The Cloud-native AI Suite lets you install AI/ML components on an ACK Pro cluster, monitor GPU resource usage across multiple views, and allocate resources fairly across teams — all from AI Dashboard or the ACK console.
This guide walks through three core tasks: installing the suite, viewing resource dashboards, and managing users and quotas with capacity scheduling.
Prerequisites
Before you begin, ensure that you have:
An ACK Pro cluster running Kubernetes 1.18 or later
Monitoring Agents and Simple Log Service enabled when the cluster was created (set on the Component Configurations page of the cluster creation wizard). For details, see Create an ACK Pro cluster
Key concepts
Security boundary
Kubernetes is a single-tenant orchestrator: a single control plane instance is shared across all tenants in a cluster. The cluster itself is the only construct that provides a hard security boundary. Quota trees, user groups, and namespaces provide organizational guardrails and logical isolation — they do not provide the same security guarantees as cluster-level separation. Design your multi-tenant architecture with this constraint in mind.
How capacity scheduling works
Each quota node in a quota tree has two parameters:
Min: the guaranteed minimum resources the namespace can always claim, even when the cluster is under pressure
Max: the maximum resources the namespace can use when idle capacity is available
When a namespace is idle, other namespaces can borrow its unused capacity up to their Max. When the owning namespace needs its guaranteed minimum back, the scheduler reclaims resources from borrowing namespaces, considering workload priority, availability, and creation time.
Resource objects
| Object | Role |
|---|---|
| Quota tree | Hierarchical structure defining resource allocation across the organization |
| Quota node | A node in the tree; each leaf node maps to one or more namespaces |
| User group | The smallest allocation unit; maps to a leaf quota node |
| User | Holds a Kubernetes service account used to submit jobs and log in to the console |
| Namespace | Kubernetes namespace bound to a leaf quota node |
User roles
| Role | Permissions |
|---|---|
| admin | Log in to AI Dashboard, manage cluster components, includes all researcher permissions |
| researcher | Submit jobs, use cluster resources, log in to AI Developer Console |
Step 1: Install the Cloud-native AI Suite
The Cloud-native AI Suite consists of six component categories. Install only the components your workloads require. AI Dashboard and AI Developer Console are installed separately and require additional RAM permissions.
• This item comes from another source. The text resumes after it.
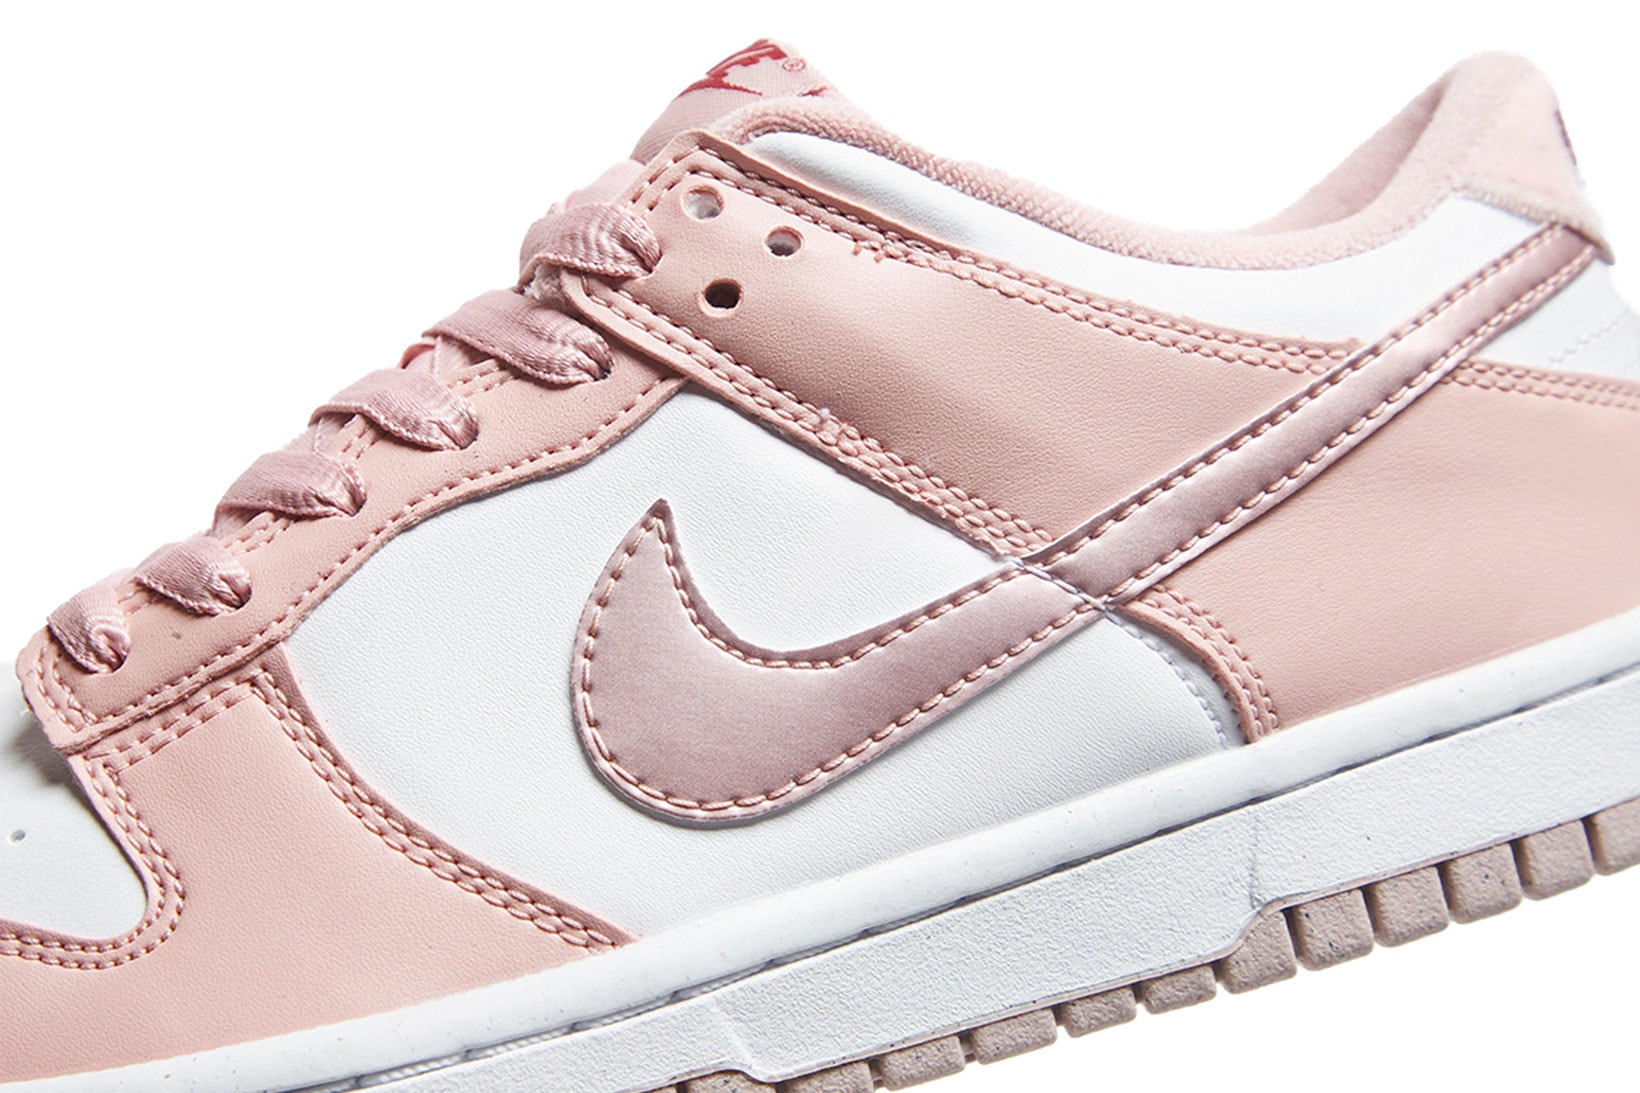 Nike dunk low Pink Velvet Pastel Sneakers Girls GS Sizing

| Component category | Purpose | Install separately? |
|---|---|---|
| Task elasticity | Scale AI workloads dynamically | No |
| Data acceleration | Speed up dataset access | No |
| AI task scheduling | Schedule AI workloads with capacity-aware policies | No |
| AI task lifecycle management | Manage training job lifecycles | No |
| AI Dashboard | Monitor GPU resources and quotas | Yes (requires RAM permissions) |
| AI Developer Console | Submit and manage AI jobs | Yes (requires RAM permissions) |
Deploy the suite
Log in to the ACK console and click Clusters in the left navigation pane.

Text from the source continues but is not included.